Fiquei atordoada por um momento. A mãe deles era uma herdeira? Me concentrei nas duas crianças. Não senti nada. Os filhos claramente não eram.
Nem sempre a habilidade de um herdeiro passava para os filhos, principalmente se um dos cônjuges não fosse.
- Você disse que ia me ajudar! - o garoto argumentou.
- Você não disse que sua mãe era uma herdeira.
Franzi minha testa. A menina que por fim tinha acabado de chorar se afastou do homem, agora indecisa.
A mãe do garoto, machucada, havia sido capturada por ser uma herdeira? Eu juntei os pontos.
- Por favor me ajudem - o menino se desesperou - eles vão matá-la.
- Se acalme - tentei confortá-lo - Você sabe onde ela está?
O menino assentiu.
- Eu acho que sim.
Tomei uma decisão.
- Então me leve até lá.
O homem olhou pra mim como se eu tivesse dito a coisa mais absurda que ele já tivesse ouvido.
- Você está louca?
- Eu quero apenas ver a situação.
Uma expressão de desolação passou por um segundo por seu olhar.
- Não é possível ajudá-los - ele sussurrou levemente.
De repente percebi algo no homem que não havia notado antes. Ele carregada um ar de melancolia a sua volta como uma capa. Imaginei o porquê.
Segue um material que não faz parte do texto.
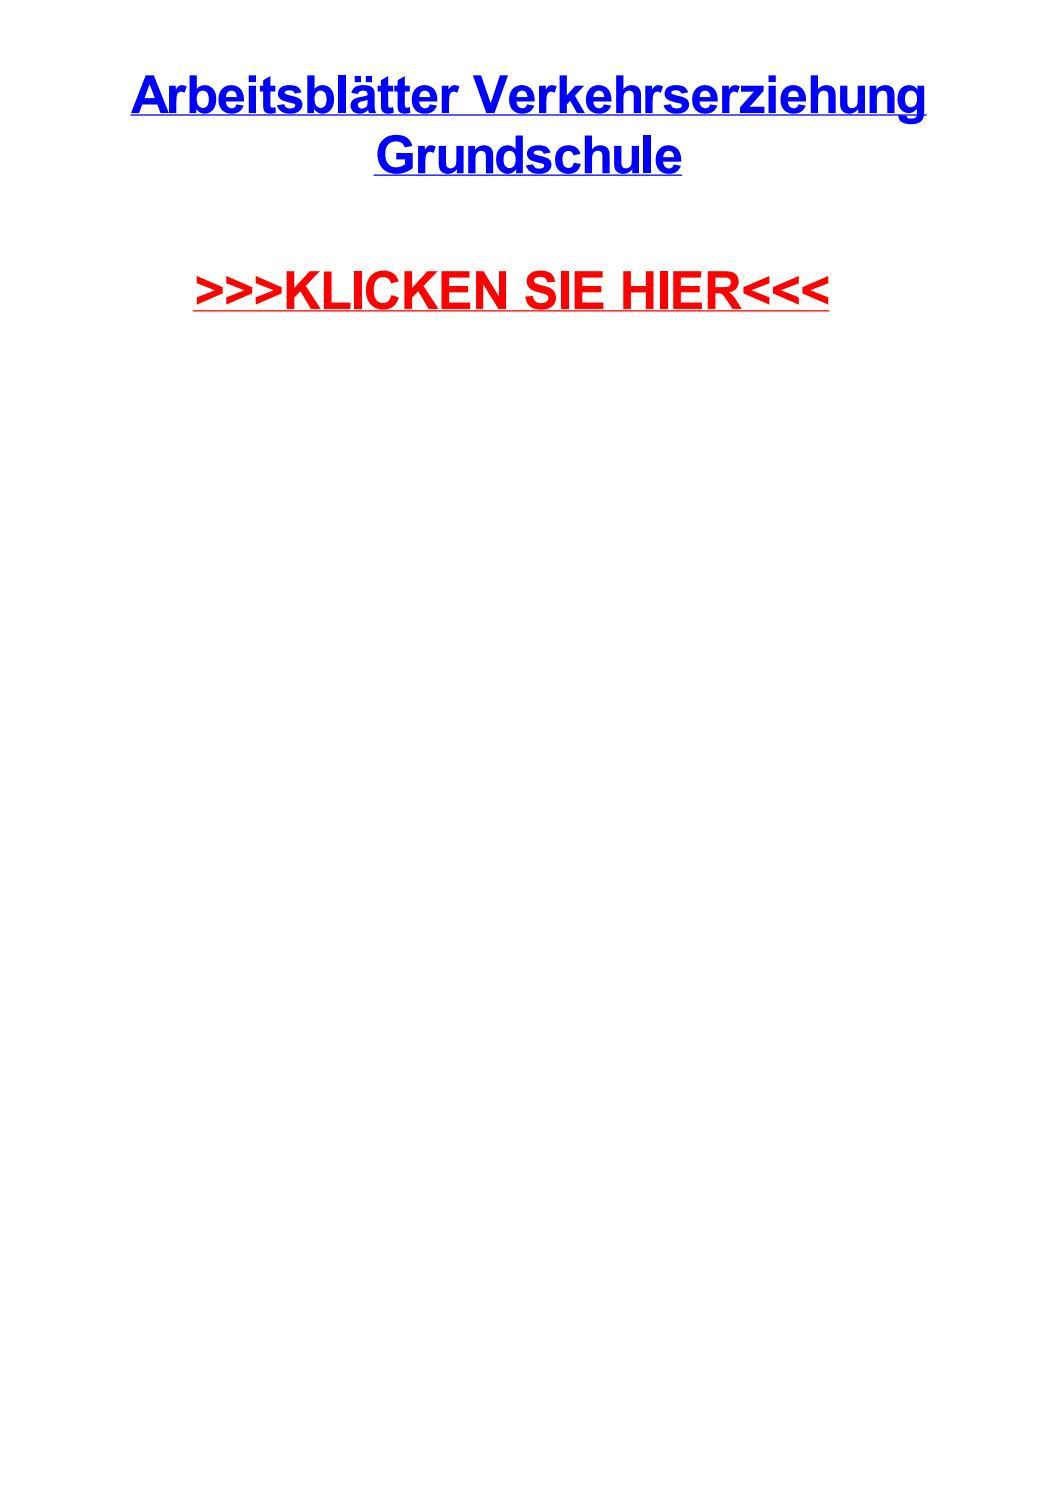 Beste Logarithmus Arbeitsblatt Mit Antworten Zeitgenössisch ...

Talvez não fosse possível ajudar a mãe do menino.
Segui o garoto mesmo assim.
****
A cena na praça me chocou.
Quando o garoto falou que sua mãe havia sido levada, eu de alguma forma imaginei um lugar como o armazém em que eu fui presa. Talvez grandes e algemas. Isso era pior. Muito pior.
Estávamos em uma praça pública. Uma multidão de pessoas haviam se reunido para observar o espetáculo a frente.
Cercados por essas pessoas estavam um homem e um mulher.
A mulher sangrando, estava amarrada em uma espécie de poste no centro na rua. Sangue descia pela sua perna e ela parecia cansada e abatida.
- Vocês vêem isso? Uma herdeira entre nós!
O homem rugiu, chamando a atenção da multidão.
As pessoas murmuram entre si enquanto observavam a cena.
O homem era esquelético e alto, sua roupa parecia ser a de algum oficial. Um símbolo de um urso sob um fundo roxo podia ser visto no seu peito esquerdo. Ele estava em pé e rígido como se mantendo a postura pudesse de alguma forma parecer mais imponente.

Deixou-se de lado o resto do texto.